# Where to download without Bit torrent



## thilina (Sep 30, 2006)

I cant download via bit torrent.But i hav a very fast connection.So tell me some sites to download Movies,games,anything .But these should not be using bit torrent!!


----------



## Third Eye (Sep 30, 2006)

thilina said:
			
		

> I cant download via bit torrent.But i hav a very fast connection.So tell me some sites to download Movies,games,anything .But these should not be using bit torrent!!



Downloading movies,full version games are illegal.If you have very fast connection then mention it's speed.
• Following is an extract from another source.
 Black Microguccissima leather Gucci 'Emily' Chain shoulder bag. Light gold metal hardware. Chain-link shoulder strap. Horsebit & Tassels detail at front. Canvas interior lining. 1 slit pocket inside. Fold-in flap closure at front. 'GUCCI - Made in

Best Site for download freeware games,softwares:

www.download.com

www.softpedia.com

www.soft32.com


----------



## thilina (Sep 30, 2006)

I download from a cafe.Connection is 100Mbps.
They dont allow to use torrents.
Dont about mentioned sites use Bit torrent??
I dont like Sites which gives links to public file uploading sites.They are slow
__________
Where to download Movies??
Games??


----------



## Third Eye (Sep 30, 2006)

Downloading full version games,movies are illegal,you can't download it freely.Just pay money from pocket for them.
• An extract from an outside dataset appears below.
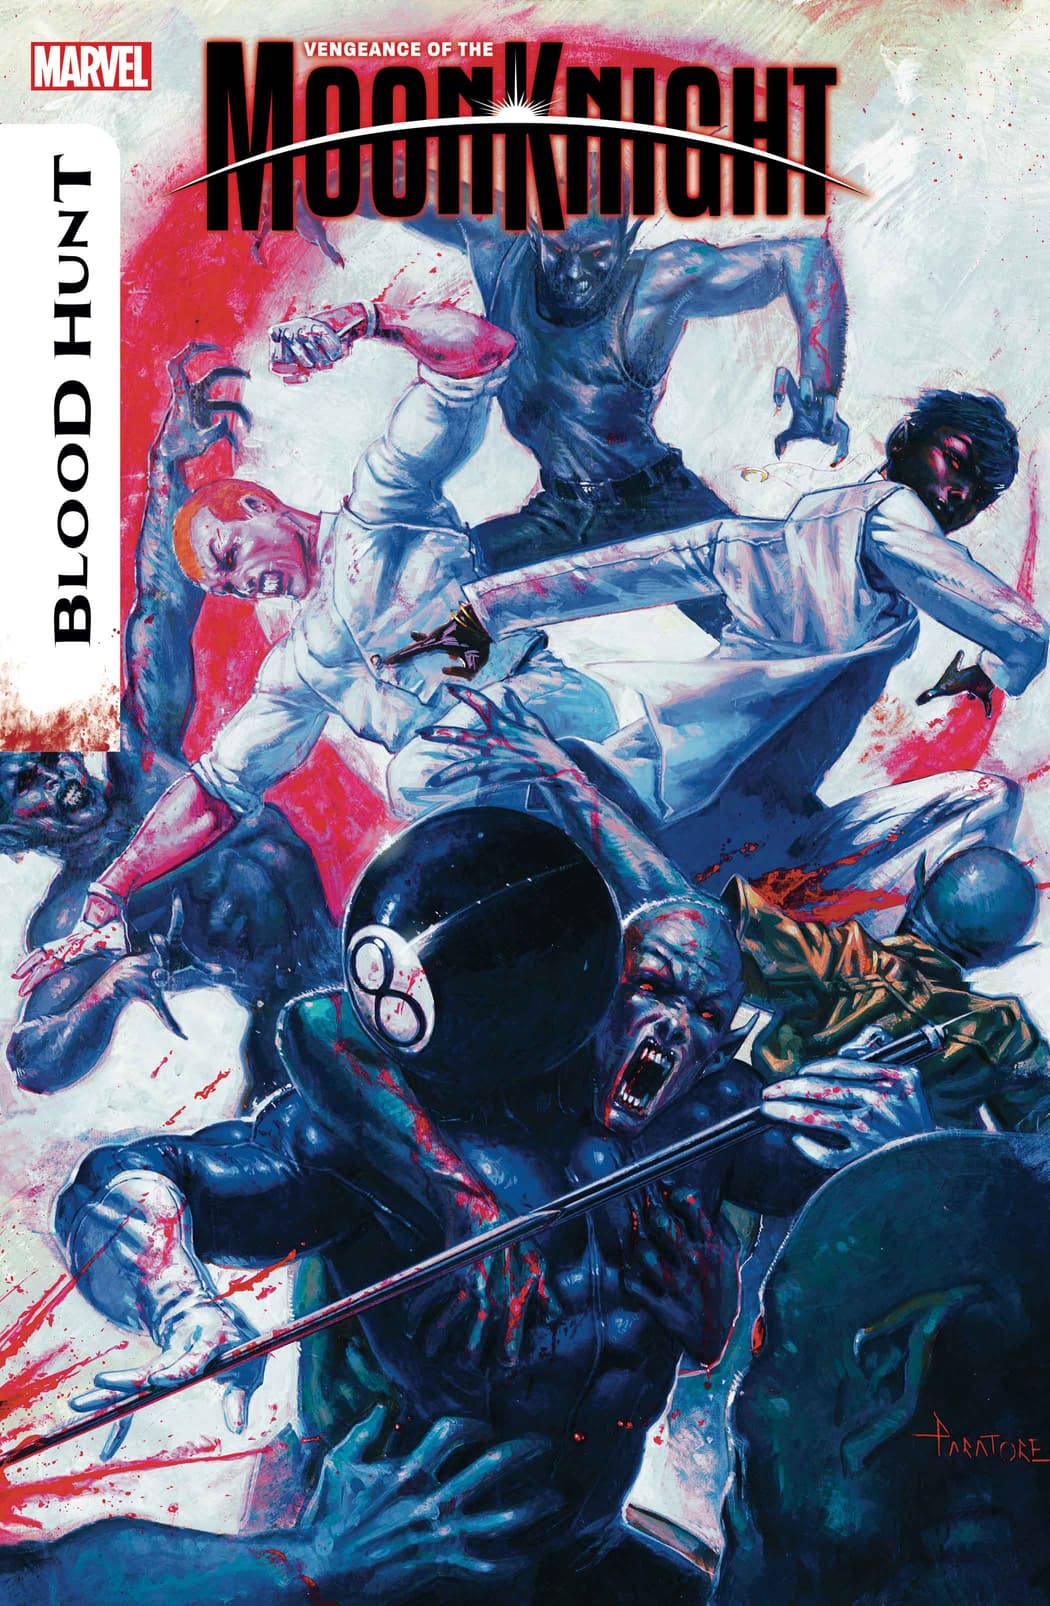 Venegeance of the Moon Knight #6 cover art

Want download games but demos go here:

www.gamespot.com

www.gamershell.com

www.ign.com


----------



## QwertyManiac (Sep 30, 2006)

Well... simply put, having a fast connection he needs more warez... and which is insane.


----------



## knight17 (Oct 1, 2006)

The 100 MBPS is the network speed not the internet speed, I think
Ask them to install Opera, then you can use torrents no one will know.


----------



## jz2linkinpark (Oct 1, 2006)

LOL,100mbps, like we're in Korea or something...
hey,^^ could you explain how exactly we use torrents with opera?


----------



## Third Eye (Oct 1, 2006)

@thilina: 100MB is not the actual speed,mine is 256Kbps connection and connection tray shows 12Mbps.Go to that link and test the speed: www.speakeasy.net/speedtest/

Don't ask for illegal torrents,movies,games.


----------



## jz2linkinpark (Oct 1, 2006)

hey, what are all you peoples respectivew speeds with the site:
i aint telling mine, people might think i'm showing off


----------



## mehulved (Oct 1, 2006)

What you are trying is illegal. There's not going to be any help from here.
And yes the connection isn't 100mbps, it's just the max. speed supported by the LAN card nothing else.


----------